25. A pharmaceutical and/or cosmetic composition for cell growth, skin and hair regeneration, and/or treatment, comprising: the EGF of claim 18; and an excipient.

26. A pharmaceutical and/or cosmetic composition for cell growth, angiogenesis, and recovery from chronic ulcers and bone loss, comprising: the PDGFA of claim 19 or the PDGFB of claim 20; and an excipient.

27. A pharmaceutical composition for prevention of neutropenia and/or prevention and/or treatment of an immune disease and/or cancer including solid cancer and hematological cancer and/or rheumatoid arthritis, comprising: the GM-CSF of claim 21; and a pharmaceutically acceptable excipient.
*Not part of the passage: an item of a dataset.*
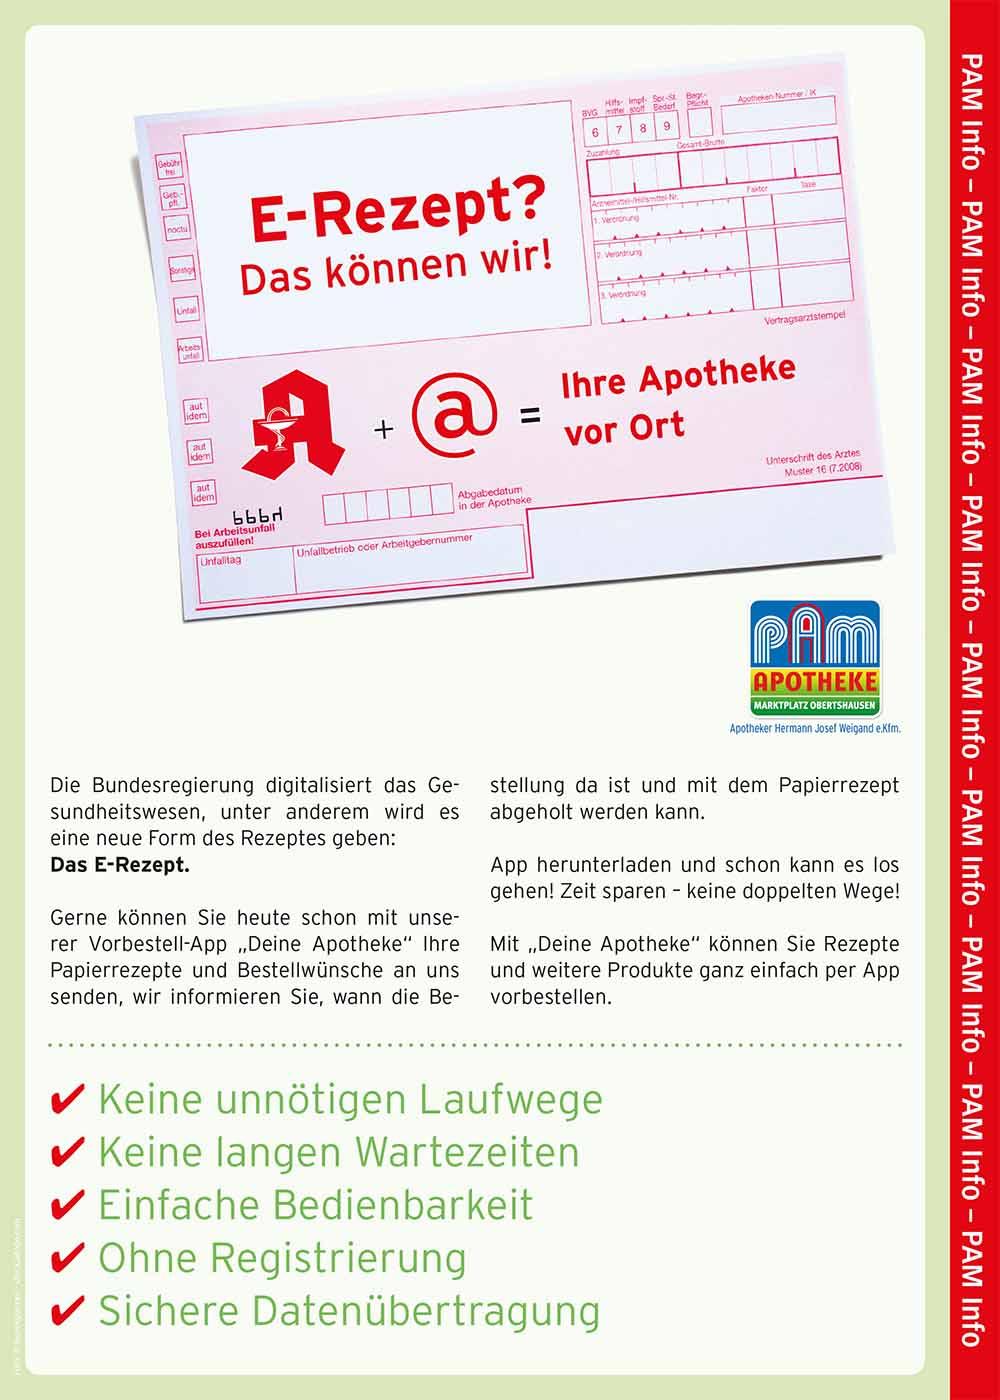 http://www.apotheken.de/fileadmin/clubarea/00000-Angebote/63179_pam_angebot_2.jpg

28. An infertility therapeutic agent for inducing superovulation and/or pharmaceutical composition for treatment of solid cancer, comprising: the FSH-.alpha. of claim 22 or the FSH-.beta. of claim 23; and a pharmaceutically acceptable excipient.

29. A pharmaceutical composition for treatment of diabetes, a cardiac disease, and/or sepsis, comprising: the ANGPT-1 of claim 24; and a pharmaceutically acceptable excipient.

30. An expression vector, comprising: (a) a promoter; (b) a nucleotide sequence encoding the protein of claim 16; and any linker, wherein the promoter and the nucleotide sequence are operably linked to each other.

31. A host cell, comprising: the expression vector of claim 30.